_YOUR GOAL_:
Only one stretch of the data below is wanted: the lines from the one with "View were the" through the one with "Bid and Research", repeated exactly.

_RECORDS FOR THE EXERCISE_:
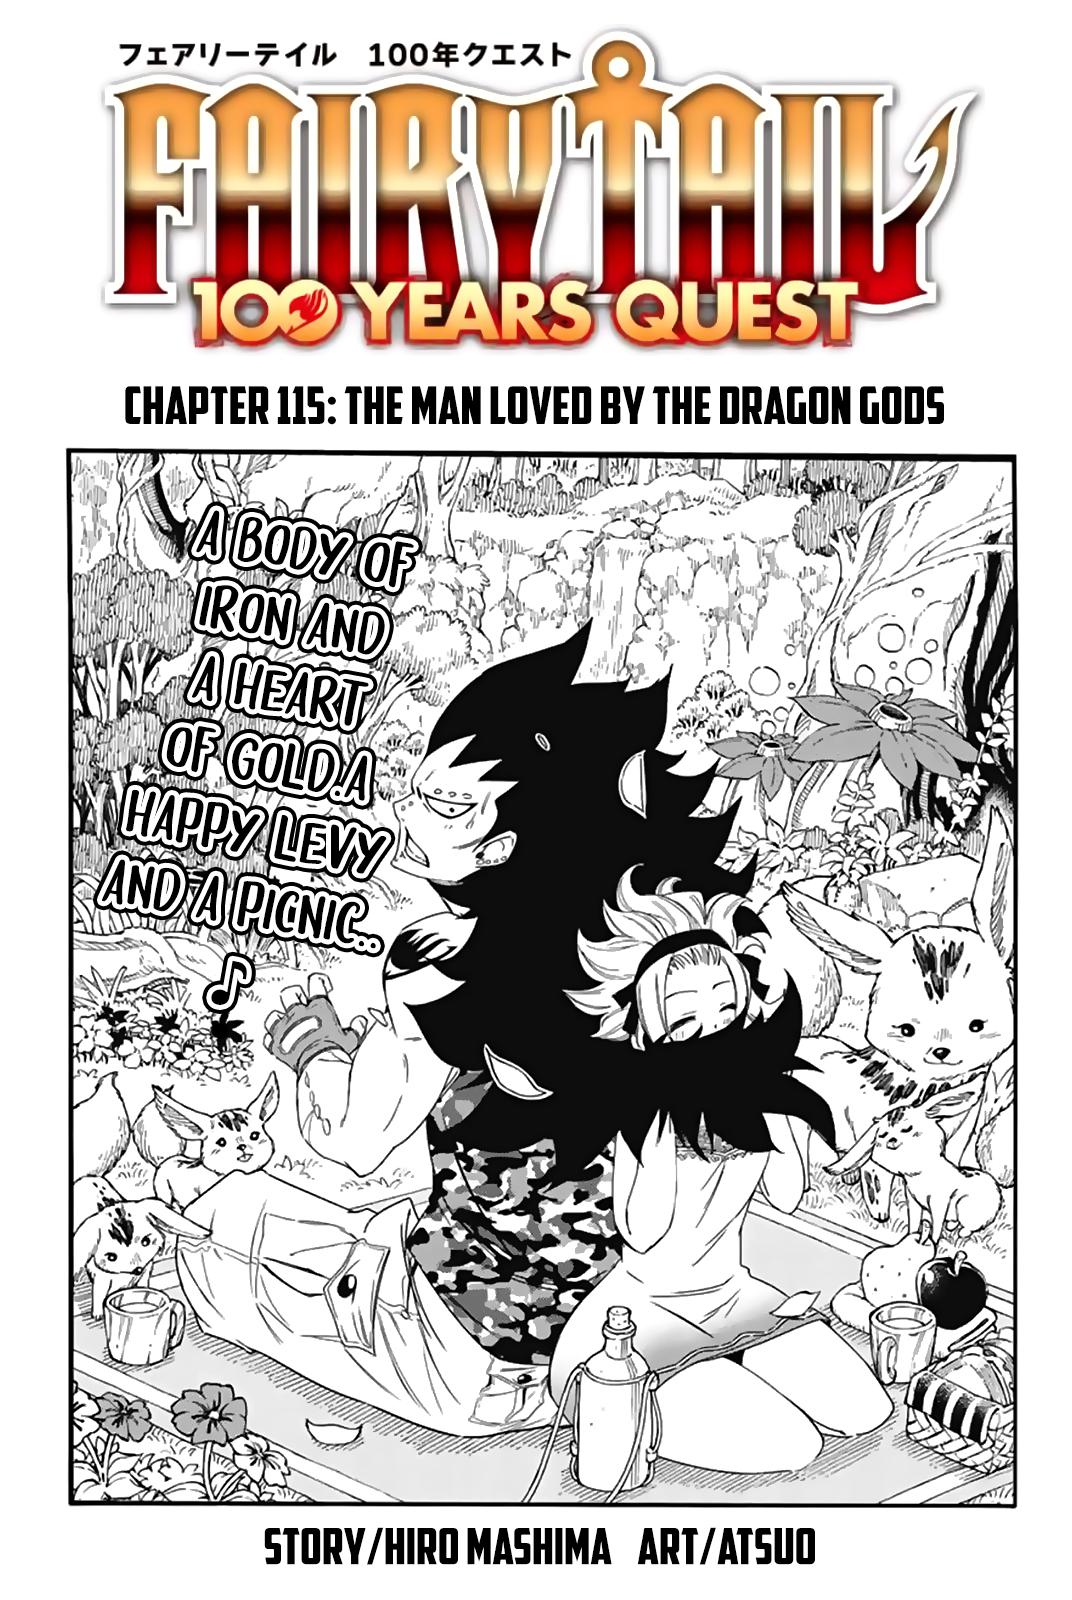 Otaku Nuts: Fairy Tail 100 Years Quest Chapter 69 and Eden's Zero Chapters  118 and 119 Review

* * *

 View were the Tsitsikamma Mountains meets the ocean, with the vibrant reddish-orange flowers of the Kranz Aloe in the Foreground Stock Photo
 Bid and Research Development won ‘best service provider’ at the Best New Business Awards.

_TASK ANSWER_:
 View were the Tsitsikamma Mountains meets the ocean, with the vibrant reddish-orange flowers of the Kranz Aloe in the Foreground Stock Photo
 Bid and Research Development won ‘best service provider’ at the Best New Business Awards.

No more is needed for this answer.